Apple’s manufacturing shift from China to India isn’t going as smoothly as it hoped. At an iPhone casings factory near Bengaluru run by Indian conglomerate Tata Group, only about half of the components coming off the production line are in good enough shape to be sent for assembly, the Financial Times reported Feb. 13.
The iPhone maker’s shares fell about 1.5 percent in today’s (Feb. 14) pre-market trading.
Apple has a zero-defect goal for its iPhone casings manufacturers and its previous Chinese suppliers were able to get extremely close to that target, according to the FT.

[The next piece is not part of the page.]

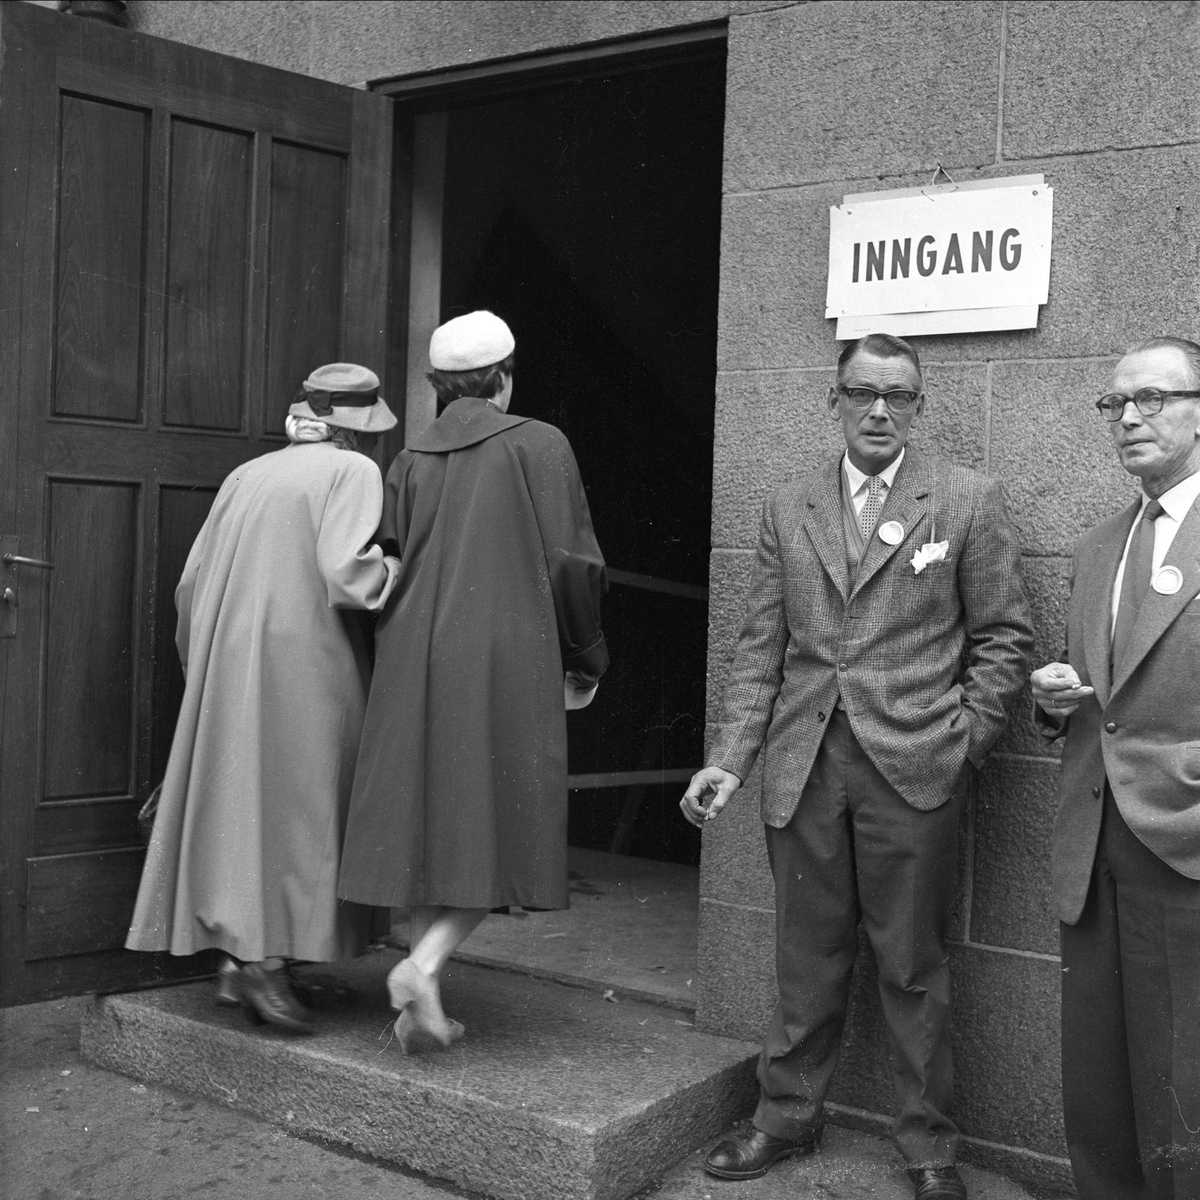 Kommunevalg. På vei til lokalet, Oslo. Oktober 1959.

The U.S. tech giant began moving some of its iPhone production to India in mid-2022 after frequent Covid lockdowns stalled manufacturing at its suppliers’ factories in China. Before the shift, Apple assembled more than 95 percent of iPhones in mainland China. It now aims to produce 25 percent of iPhones in India by 2025 and increase that share to 50 percent by 2028.

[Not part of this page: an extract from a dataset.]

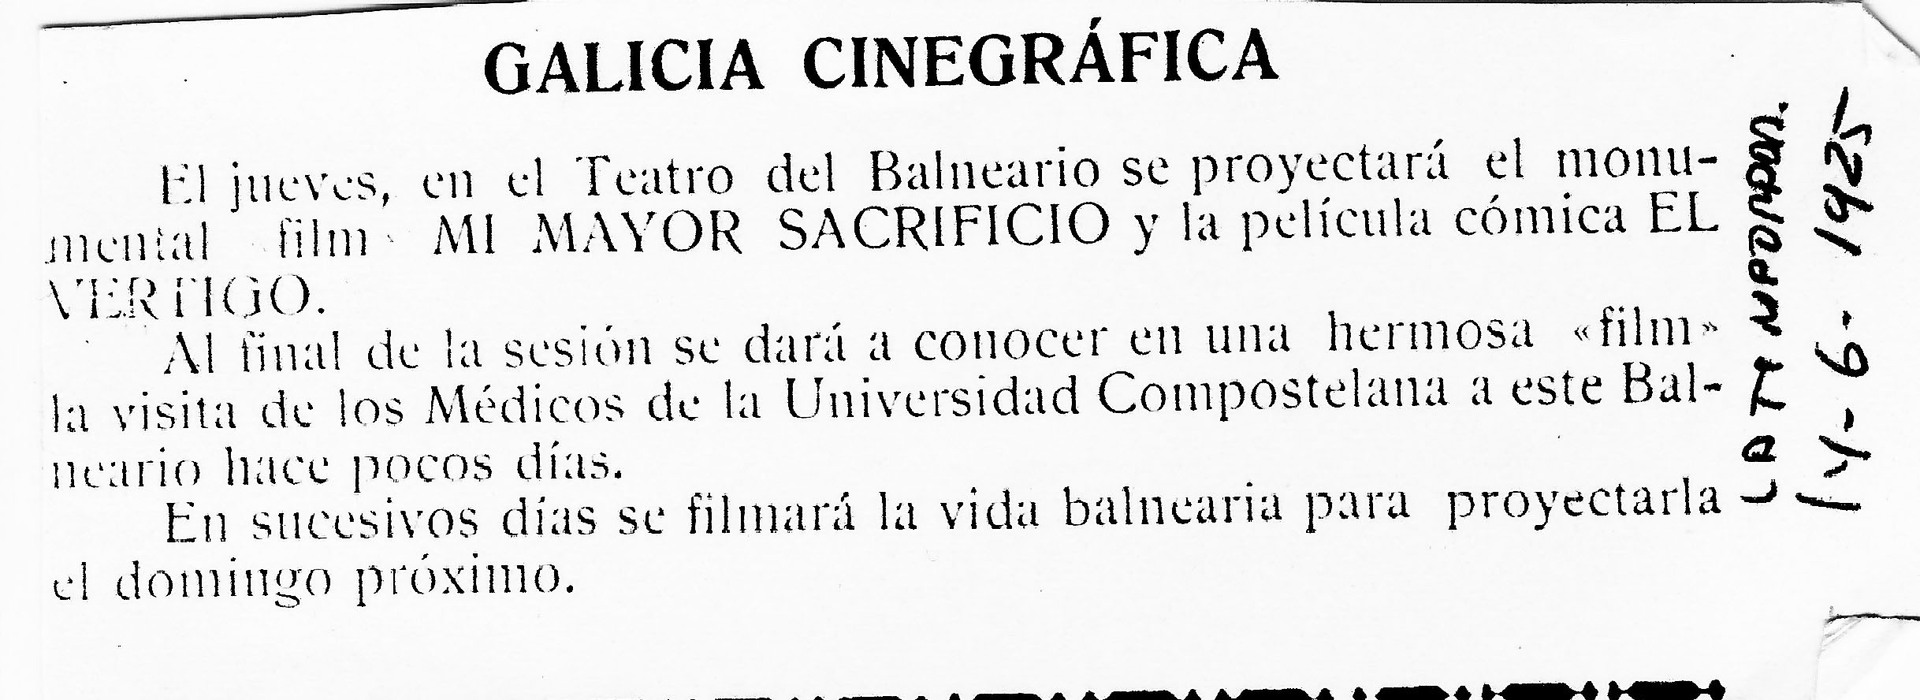 Programación do cine do Balneario, 1925

However, it could take three years or longer for Apple’s Indian suppliers to catch up with Apple’s manufacturing standards, Vivek Wadhwa, an Indian-American entrepreneur and an engineering professor at Carnegie Mellon University, told the FT.
Apple has been making older iPhone models in India since 2017. It began assembling the new iPhone 14 lineup in the country last year.